>>>

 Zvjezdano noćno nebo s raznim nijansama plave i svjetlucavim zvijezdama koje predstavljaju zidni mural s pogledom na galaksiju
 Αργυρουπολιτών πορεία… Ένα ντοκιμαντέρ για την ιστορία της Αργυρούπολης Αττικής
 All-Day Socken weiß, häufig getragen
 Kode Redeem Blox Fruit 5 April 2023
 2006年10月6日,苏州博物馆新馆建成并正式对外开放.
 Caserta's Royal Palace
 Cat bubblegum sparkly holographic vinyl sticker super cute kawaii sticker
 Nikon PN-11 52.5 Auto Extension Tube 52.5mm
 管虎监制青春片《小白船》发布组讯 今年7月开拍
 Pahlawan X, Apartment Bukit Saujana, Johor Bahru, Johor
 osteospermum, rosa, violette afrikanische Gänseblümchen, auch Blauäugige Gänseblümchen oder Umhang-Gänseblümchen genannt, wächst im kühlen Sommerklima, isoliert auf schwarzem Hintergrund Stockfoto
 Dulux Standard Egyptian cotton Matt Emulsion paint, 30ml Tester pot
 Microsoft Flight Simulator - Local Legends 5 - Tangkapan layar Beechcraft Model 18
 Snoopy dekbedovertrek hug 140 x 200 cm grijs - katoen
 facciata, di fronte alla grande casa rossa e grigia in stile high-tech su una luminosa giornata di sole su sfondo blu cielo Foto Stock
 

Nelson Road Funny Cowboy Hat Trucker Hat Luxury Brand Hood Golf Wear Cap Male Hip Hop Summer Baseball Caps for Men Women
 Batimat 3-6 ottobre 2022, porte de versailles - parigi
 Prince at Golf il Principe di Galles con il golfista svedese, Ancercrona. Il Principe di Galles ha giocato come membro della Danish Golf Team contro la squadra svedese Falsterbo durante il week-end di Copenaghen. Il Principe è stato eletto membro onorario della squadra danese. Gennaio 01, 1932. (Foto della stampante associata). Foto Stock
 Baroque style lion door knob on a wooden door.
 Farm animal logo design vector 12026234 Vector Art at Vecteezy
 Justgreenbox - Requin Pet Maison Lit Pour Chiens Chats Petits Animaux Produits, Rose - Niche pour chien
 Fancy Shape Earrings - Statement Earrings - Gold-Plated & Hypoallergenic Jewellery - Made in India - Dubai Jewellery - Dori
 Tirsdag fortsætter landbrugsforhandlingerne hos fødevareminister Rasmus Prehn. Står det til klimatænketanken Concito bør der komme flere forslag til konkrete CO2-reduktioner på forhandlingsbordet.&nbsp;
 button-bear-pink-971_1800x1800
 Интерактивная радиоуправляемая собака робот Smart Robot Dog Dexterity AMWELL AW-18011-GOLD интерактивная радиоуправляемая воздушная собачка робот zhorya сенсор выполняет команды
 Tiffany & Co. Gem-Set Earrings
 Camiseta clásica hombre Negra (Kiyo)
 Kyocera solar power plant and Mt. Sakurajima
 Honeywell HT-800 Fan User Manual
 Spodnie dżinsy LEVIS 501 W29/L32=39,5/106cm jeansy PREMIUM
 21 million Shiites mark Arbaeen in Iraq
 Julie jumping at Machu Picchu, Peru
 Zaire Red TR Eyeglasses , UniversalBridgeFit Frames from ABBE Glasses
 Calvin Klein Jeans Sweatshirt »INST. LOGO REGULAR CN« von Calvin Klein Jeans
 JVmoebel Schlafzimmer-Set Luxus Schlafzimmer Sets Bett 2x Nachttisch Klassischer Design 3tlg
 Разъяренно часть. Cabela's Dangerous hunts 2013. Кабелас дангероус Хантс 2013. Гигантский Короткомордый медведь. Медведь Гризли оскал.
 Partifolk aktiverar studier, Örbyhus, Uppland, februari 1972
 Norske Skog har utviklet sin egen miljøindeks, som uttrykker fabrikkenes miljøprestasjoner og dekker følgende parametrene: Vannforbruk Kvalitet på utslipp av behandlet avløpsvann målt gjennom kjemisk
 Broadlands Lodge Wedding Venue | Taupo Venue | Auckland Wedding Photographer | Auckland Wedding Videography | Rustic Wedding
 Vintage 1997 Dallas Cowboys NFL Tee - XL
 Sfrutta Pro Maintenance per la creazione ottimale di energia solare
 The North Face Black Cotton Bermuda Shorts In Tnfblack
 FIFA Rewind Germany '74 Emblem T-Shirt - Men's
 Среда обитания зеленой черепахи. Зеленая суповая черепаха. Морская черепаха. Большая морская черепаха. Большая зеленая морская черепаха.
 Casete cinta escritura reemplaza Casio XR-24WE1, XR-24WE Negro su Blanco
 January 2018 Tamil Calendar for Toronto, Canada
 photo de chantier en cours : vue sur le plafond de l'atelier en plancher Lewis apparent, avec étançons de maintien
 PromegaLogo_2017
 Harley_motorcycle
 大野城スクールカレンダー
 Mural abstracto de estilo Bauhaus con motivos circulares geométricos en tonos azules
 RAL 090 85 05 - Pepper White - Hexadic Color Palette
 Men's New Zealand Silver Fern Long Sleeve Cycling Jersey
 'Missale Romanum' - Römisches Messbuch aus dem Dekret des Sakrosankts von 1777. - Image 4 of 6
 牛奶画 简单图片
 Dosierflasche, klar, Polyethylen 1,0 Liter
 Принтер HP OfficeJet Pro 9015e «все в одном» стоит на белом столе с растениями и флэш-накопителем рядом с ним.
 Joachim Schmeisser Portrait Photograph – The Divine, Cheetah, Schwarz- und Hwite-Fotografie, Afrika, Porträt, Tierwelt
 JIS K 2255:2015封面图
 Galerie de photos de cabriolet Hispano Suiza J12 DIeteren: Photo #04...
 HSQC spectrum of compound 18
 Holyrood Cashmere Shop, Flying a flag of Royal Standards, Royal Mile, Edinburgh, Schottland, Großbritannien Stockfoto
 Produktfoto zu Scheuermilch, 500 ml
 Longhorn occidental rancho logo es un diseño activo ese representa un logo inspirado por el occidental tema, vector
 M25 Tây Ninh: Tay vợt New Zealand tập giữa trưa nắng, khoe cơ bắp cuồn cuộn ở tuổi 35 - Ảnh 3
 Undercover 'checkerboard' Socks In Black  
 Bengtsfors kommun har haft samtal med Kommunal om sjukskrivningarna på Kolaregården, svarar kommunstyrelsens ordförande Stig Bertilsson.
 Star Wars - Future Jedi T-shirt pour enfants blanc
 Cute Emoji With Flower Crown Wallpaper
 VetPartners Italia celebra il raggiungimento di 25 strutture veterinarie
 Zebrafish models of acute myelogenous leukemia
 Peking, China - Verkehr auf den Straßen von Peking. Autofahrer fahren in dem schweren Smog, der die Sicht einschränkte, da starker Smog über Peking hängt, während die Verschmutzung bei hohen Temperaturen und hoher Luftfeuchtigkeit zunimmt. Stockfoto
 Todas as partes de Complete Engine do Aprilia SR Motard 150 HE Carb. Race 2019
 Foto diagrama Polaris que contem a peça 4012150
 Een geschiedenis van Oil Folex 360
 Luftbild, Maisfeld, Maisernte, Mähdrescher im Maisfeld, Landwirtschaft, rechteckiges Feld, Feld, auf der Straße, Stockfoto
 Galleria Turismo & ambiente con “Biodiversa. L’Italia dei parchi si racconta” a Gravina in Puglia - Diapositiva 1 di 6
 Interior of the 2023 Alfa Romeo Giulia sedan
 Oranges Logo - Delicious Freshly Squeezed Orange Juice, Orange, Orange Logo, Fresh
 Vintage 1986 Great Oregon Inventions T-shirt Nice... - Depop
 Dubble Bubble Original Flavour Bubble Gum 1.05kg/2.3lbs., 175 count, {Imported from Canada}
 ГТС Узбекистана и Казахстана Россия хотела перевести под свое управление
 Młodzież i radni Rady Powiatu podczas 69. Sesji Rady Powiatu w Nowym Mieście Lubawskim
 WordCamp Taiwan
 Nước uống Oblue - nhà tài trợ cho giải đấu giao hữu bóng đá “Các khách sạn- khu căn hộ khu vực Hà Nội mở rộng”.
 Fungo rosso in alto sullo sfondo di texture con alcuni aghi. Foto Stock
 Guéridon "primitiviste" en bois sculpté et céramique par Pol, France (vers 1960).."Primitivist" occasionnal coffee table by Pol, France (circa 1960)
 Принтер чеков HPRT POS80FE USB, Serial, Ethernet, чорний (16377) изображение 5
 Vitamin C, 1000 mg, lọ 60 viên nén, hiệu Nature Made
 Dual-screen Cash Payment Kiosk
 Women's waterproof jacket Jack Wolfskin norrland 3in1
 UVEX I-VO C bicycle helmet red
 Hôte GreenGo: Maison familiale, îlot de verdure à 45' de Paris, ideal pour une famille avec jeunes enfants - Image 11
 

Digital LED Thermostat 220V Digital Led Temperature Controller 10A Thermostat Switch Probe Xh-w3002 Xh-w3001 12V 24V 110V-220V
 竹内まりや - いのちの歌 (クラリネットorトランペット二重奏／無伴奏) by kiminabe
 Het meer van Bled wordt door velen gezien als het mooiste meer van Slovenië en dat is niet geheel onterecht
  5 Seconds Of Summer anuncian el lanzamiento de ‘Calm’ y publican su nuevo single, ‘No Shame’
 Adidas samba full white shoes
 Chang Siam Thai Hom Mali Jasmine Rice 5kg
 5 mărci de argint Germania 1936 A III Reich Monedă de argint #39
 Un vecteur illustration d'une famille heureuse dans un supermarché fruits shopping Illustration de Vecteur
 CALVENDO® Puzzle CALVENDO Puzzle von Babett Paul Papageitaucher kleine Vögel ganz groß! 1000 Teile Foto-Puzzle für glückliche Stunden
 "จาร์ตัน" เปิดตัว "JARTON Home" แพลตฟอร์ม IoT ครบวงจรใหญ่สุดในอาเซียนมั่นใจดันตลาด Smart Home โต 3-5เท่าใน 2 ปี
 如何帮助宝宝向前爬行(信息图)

<<<

• [PROBLEM TO SOLVE] Write down again, exactly as given, only the lines above that fall from the line with "facciata, di fronte" to the line with "Camiseta clásica hombre Negra (Kiyo)", inclusive.

• [EXERCISE SOLUTION]
 facciata, di fronte alla grande casa rossa e grigia in stile high-tech su una luminosa giornata di sole su sfondo blu cielo Foto Stock
 

Nelson Road Funny Cowboy Hat Trucker Hat Luxury Brand Hood Golf Wear Cap Male Hip Hop Summer Baseball Caps for Men Women
 Batimat 3-6 ottobre 2022, porte de versailles - parigi
 Prince at Golf il Principe di Galles con il golfista svedese, Ancercrona. Il Principe di Galles ha giocato come membro della Danish Golf Team contro la squadra svedese Falsterbo durante il week-end di Copenaghen. Il Principe è stato eletto membro onorario della squadra danese. Gennaio 01, 1932. (Foto della stampante associata). Foto Stock
 Baroque style lion door knob on a wooden door.
 Farm animal logo design vector 12026234 Vector Art at Vecteezy
 Justgreenbox - Requin Pet Maison Lit Pour Chiens Chats Petits Animaux Produits, Rose - Niche pour chien
 Fancy Shape Earrings - Statement Earrings - Gold-Plated & Hypoallergenic Jewellery - Made in India - Dubai Jewellery - Dori
 Tirsdag fortsætter landbrugsforhandlingerne hos fødevareminister Rasmus Prehn. Står det til klimatænketanken Concito bør der komme flere forslag til konkrete CO2-reduktioner på forhandlingsbordet.&nbsp;
 button-bear-pink-971_1800x1800
 Интерактивная радиоуправляемая собака робот Smart Robot Dog Dexterity AMWELL AW-18011-GOLD интерактивная радиоуправляемая воздушная собачка робот zhorya сенсор выполняет команды
 Tiffany & Co. Gem-Set Earrings
 Camiseta clásica hombre Negra (Kiyo)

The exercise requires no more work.